Sie sind eine der besten deutschen Athleten in diesem Jahr gewesen, konnten und können den Erfolg aber nur eingeschränkt in Geld ummünzen. Eine Studie zu den finanziellen Folgen der Corona-Krise weist aus: Die Einnahmeverluste der Topathleten werden 2020 und 2021 groß sein. Wie beeinträchtigen diese Existenzsorgen?

Johannes Vetter:

Wenn ich mich persönlich beschweren würde, wäre es klagen auf hohem Niveau. Ich habe in diesem Jahr mit meinen Leistungen eine gute Grundlage gelegt. Viele Athleten hatten keine Wettkämpfe und waren noch eingeschränkter im Training. Sie hatten fast gar keine Chance, sich potenziellen Sponsoren zu präsentieren. Die finanziellen Einbrüche sind auch bei mir groß, weil viele Antrittsgelder und Prämien fehlen.

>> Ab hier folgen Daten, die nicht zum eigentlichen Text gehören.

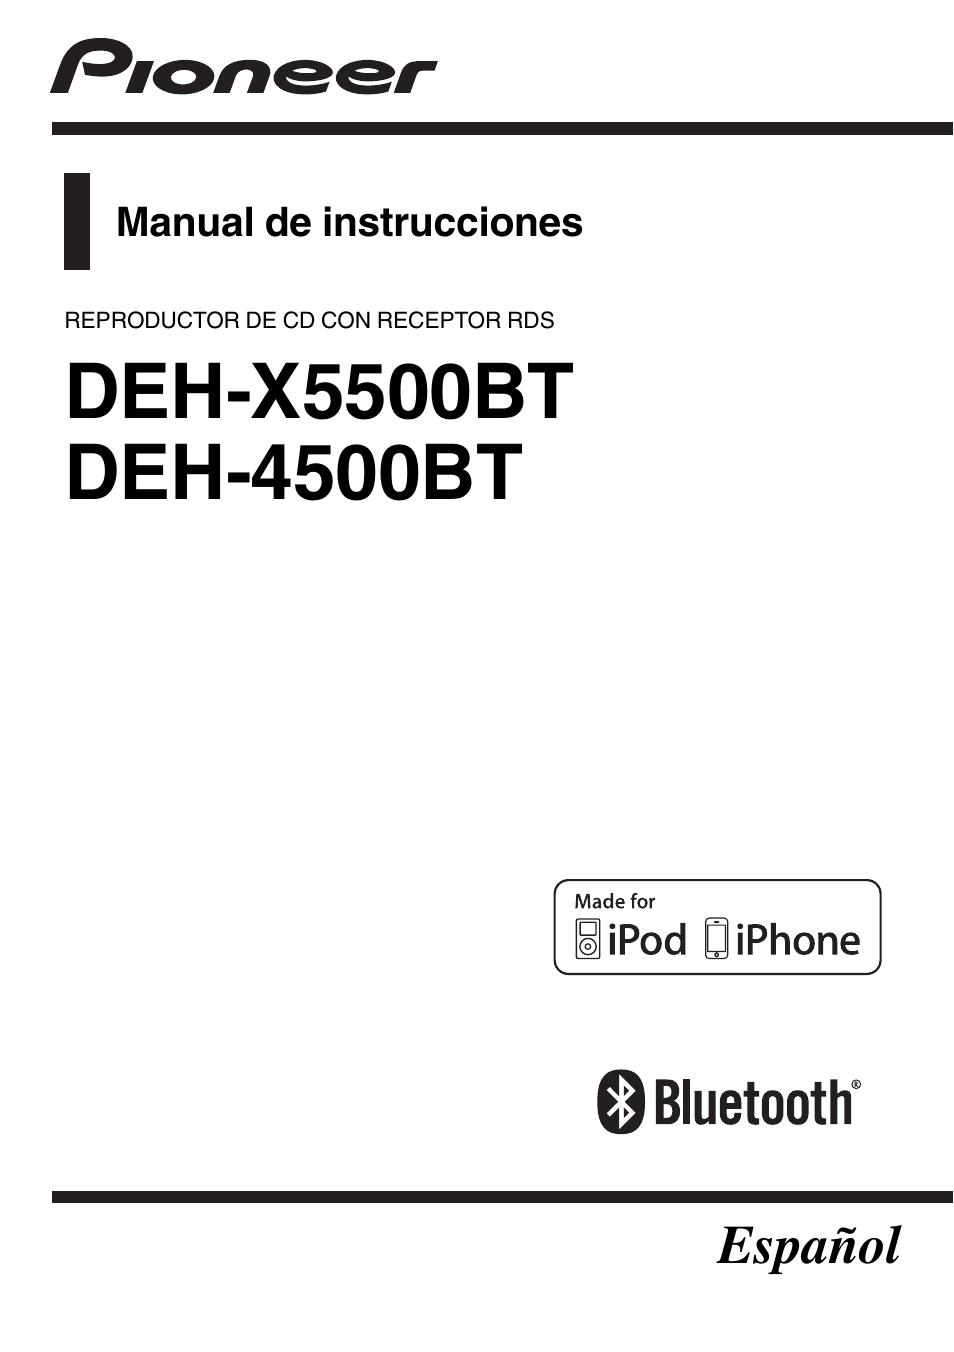 pioneer deh 4500bt manual del usuario p u00e1ginas 36 tambi u00e9n para deh x5500bt

Auch Sponsoren müssen ihre Zuwendungen kürzen. Es liegt nun an mir und meinem Management, wie ich meine sportliche Leistung, meine Philosophie, meine Erfahrungen, Style und Meinung ummünze. Für viele ist das ein hartes Jahr. Es wird auch Sportlerexistenzen kosten.

Momentan läuft der zweite Lockdown. Nach den Lockerungen im Sommer, ist es eine Berg- und Talfahrt auch der Gefühle. Wie mulmig wird Ihnen mit Blick auf Tokio, ob die Spiele stattfinden können oder nicht? Gibt der Impfstoff, der in Sicht zu sein scheint, Hoffnung?

Johannes Vetter:

Wir Leistungssportler können ja weiter trainieren. Ich bin zudem in der glücklichen Lage, im Winter keine Wettkämpfe zu haben. In anderen Sportarten ist das anders. Ich muss nur trainieren und kann mit leichten Einschränkungen so weiter machen. Das riesengroße Fragezeichen ist, wie entwickelt es sich in den nächsten Wochen und Monaten. Darauf habe ich aber keinen Einfluss. Ich bin meines Glückes Schmied und muss darauf hoffen, dass sich die Pandemie peu á peu mit einem Impfstoff erledigt, die Lage sich verbessert und Olympia stattfindet. Ansonsten habe ich es in der eigenen Hand, im Training alles raus zu kitzeln, um 2021 auf hohem Niveau zu performen.

Wäre die Absage der Tokio-Spiele eine Katastrophe für Sie?

Johannes Vetter:

Für mich persönlich wäre es extrem bitter, weil ich mir einige Chancen bei den Sommerspielen ausrechne.

Olympische Spiele ohne Zuschauer: Eine Option?

Johannes Vetter:

Ich bin mir ziemlich sicher, dass alles getan wird, die Olympischen Spiele auszurichten. Ob mit oder weniger Zuschauer? Zum Schluss sind es Olympische Spiele. Wir hatten Deutsche Meisterschaften ohne Zuschauer. Olympische Spiele werden immer Olympische Spiele bleiben. Für viele Sportlerexistenzen wäre es sehr wichtig, wenn die Spiele stattfinden. Viele von uns Sportler, die bei Olympia sein werden – so schön es mit Zuschauern wäre – haben auch die Mentalität, das auszuschalten und können die eigene Leistung in den Vordergrund stellen.